City Solicitor Glenn Mandalas said the markers were placed on the block by the city in the 1930s, but he, nor anyone else, seemed to know why. Michael Hurley, surveyor for the Varones, said there are several instances of incorrect markers placed throughout the city.

“There’s no question in my mind they have a 100-foot wide lot. The question is, where is that 100-foot line? If you take it from King Charles, it’s where we think it should be. If you take it from the other street (Bayard Avenue), there’s an overlap of two inches,” Hurley said.

Joe Reed said the family is not opposed to the Varones partitioning their property; their issue is the property line. Mildred Reed, the matriarch of the family, wrote a letter to the commission saying the property lines on the block have never been in dispute until now. She said the city should take action to ensure that all 33 lots on the block are determined to be legal building lots.

“We don’t want to lose two inches on the side of our lot,” Bob Reed said. “We don’t think that two inches should prevent the applicant from getting a partitioning.

“This is like a can of worms,” Shulman said. “It’s going down a road that could come back to haunt us.”

Shulman said eventually, a homeowner is going to say the commission has been arbitrary by approving the Varones’ application, but possibly denying someone else because of uncertain boundary lines. Littleton said the commission couldn’t determine property lines.

Commissioners Jan Konesey, John Gauger and Brian Patterson all favored approving the partitioning because the Varones had a credible survey and the lot meets the standard for approval. Shulman said the commission has been inconsistent in how it rules on partitionings with conflicting surveys, citing the case of 2 St. Lawrence St., which was denied because of uncertainty over the property lines.

Littleton said the Varones and the Reeds were innocent victims of a city screw-up in placing the markers. He recommended putting the Varones' application on hold and going to the city commissioners to allow the planners to have some leeway when it comes to inaccurate city markers. Littleton said an approval could lead to expensive legal action between the Reeds and the Varones as to where the property boundaries are.

Gauger and Konesey said the planners could give the Varones their partitioning while also solving the issue of allowing more leeway for incorrect city markers.

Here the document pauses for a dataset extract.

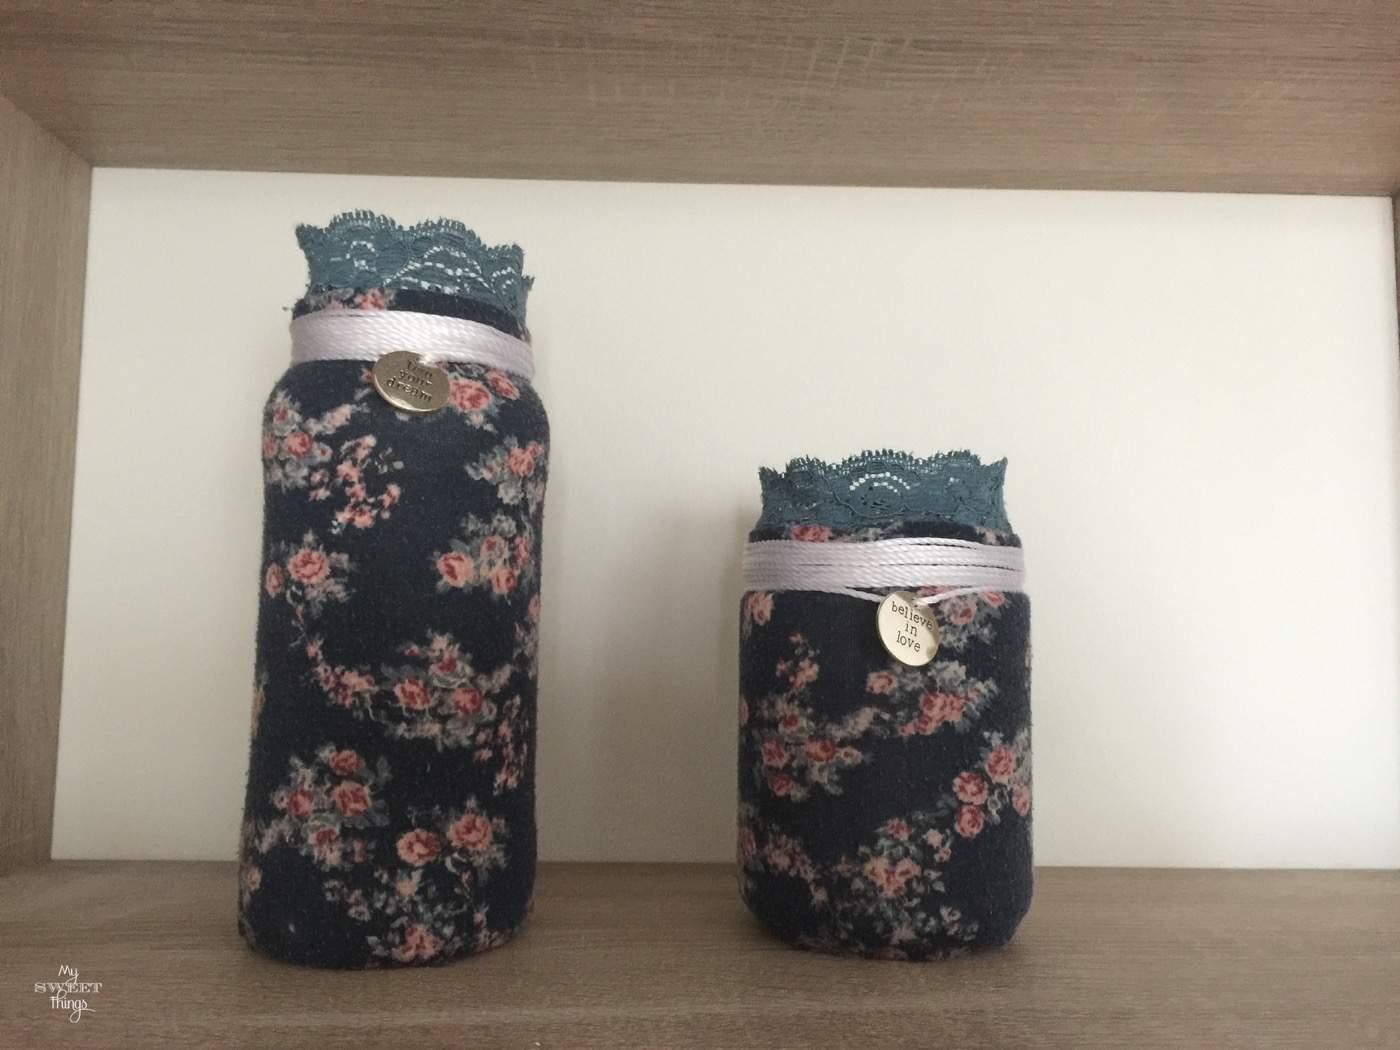 Glass jars used as home decor  ·  Via www.sweethings.net

Patterson said Littleton and Shulman were using the Varones as leverage to solve the problem.

The next phase of the hearing caused Mandalas to break out his copy of Robert’s Rules of Order.

Konesy moved to approve the partitioning. Commissioners Gauger, Bunky Markert and Patterson all expressed their support for granting the partitioning.

When Gauger asked for a vote, Shulman moved to table the partitioning, preferring to allow the city commissioners to come up with a policy. Littleton seconded the motion, after verifying whether the chairman could second a motion, a move he is permitted but typically refrains from doing. That sent the motion to table to a vote.

The commission then voted 4-2 not to table, with Shulman and Littleton the only yes votes.

That brought back Konesey’s original motion to approve the partitioning. When brought to a vote, the application was approved 4-1, with Shulman casting a no vote, and Littleton refusing to vote. Although he did not vote, Littleton expressed his disapproval of the partitioning, saying it would create an adverse impact on neighbors.

“I cannot support that motion,” Littleton said.

The unluckiest member of the commission was Commissioner David Mellen, who recused himself because he lives on the same Rodney Street block and spent the entire two-and-and-half hour discussion waiting outside the commissioners’ room.